Emmanuel Macron veut remettre en place les chasses présidentielles

Ou quand Jupiter se prend pour François Ier.

(© www.kremlin.ru./Wikipedia/CC)

Emmanuel Macron avait promis d’en finir avec l'"ancien monde". Et pourtant, c’est une pratique bien désuète que le président de la République aimerait déterrer : les chasses présidentielles.

Mais on ne pourra pas lui reprocher d’avoir dissimulé ses intentions. Durant la campagne, il avait déjà fait savoir qu’il comptait bien renouer avec cet usage symbolique de la "culture française" :

"Il ne faut pas être honteux, il faut les reconnaître comme un élément d’attractivité. C’est quelque chose qui fascine partout, ça représente la culture française, c’est un point d’ancrage."

Ce dimanche 20 janvier, le Journal du dimanche révélait qu’Emmanuel Macron allait rapidement transformer ses paroles en actes, à l’occasion d’un grand sommet franco-italien qui se tiendra en 2019 au château de Chambord (Loir-et-Cher).

Supprimées dans les châteaux de Rambouillet et de Marly (Yvelines) par Jacques Chirac en 1995 sur les conseils avisés de sa fille, Claude, et de son conseiller, Nicolas Hulot, les chasses présidentielles sont une tradition à laquelle tous les présidents de la cinquième République se sont pliés.

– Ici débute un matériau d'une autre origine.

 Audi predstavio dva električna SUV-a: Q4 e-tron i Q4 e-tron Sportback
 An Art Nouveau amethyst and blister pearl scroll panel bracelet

"L’un des plus spectaculaires lieux de pouvoir français"

Seules celles qui se tenaient au château de Chambord étaient passées entre les mailles du filet, ce qui n’empêcha pas Nicolas Sarkozy de recevoir le dictateur Mouammar Kadhafi, en 2007, à Rambouillet.

Dans "Scènes de chasse présidentielles", publié dans Le Monde en 2009, la journaliste Raphaëlle Bacqué décrivait ce rendez-vous comme "l’un des plus spectaculaires lieux de pouvoir français. Et sans doute aussi la plus visible traduction de survivances monarchiques".

On connaît l’attachement du président Emmanuel Macron aux symboles. Même si Nicolas Sarkozy en a finalement aboli la pratique en 2010, il se murmure qu’une quinzaine de journées de chasse annuelle étaient encore offertes au nom du président de la République à quelques "happy fews", comme des patrons du CAC 40, des chefs d’État, des personnalités politiques…

Pour Emmanuel Macron, la France a tout intérêt à renouer officiellement avec cette pratique qui "fascine à l’étranger" et "représente la culture française".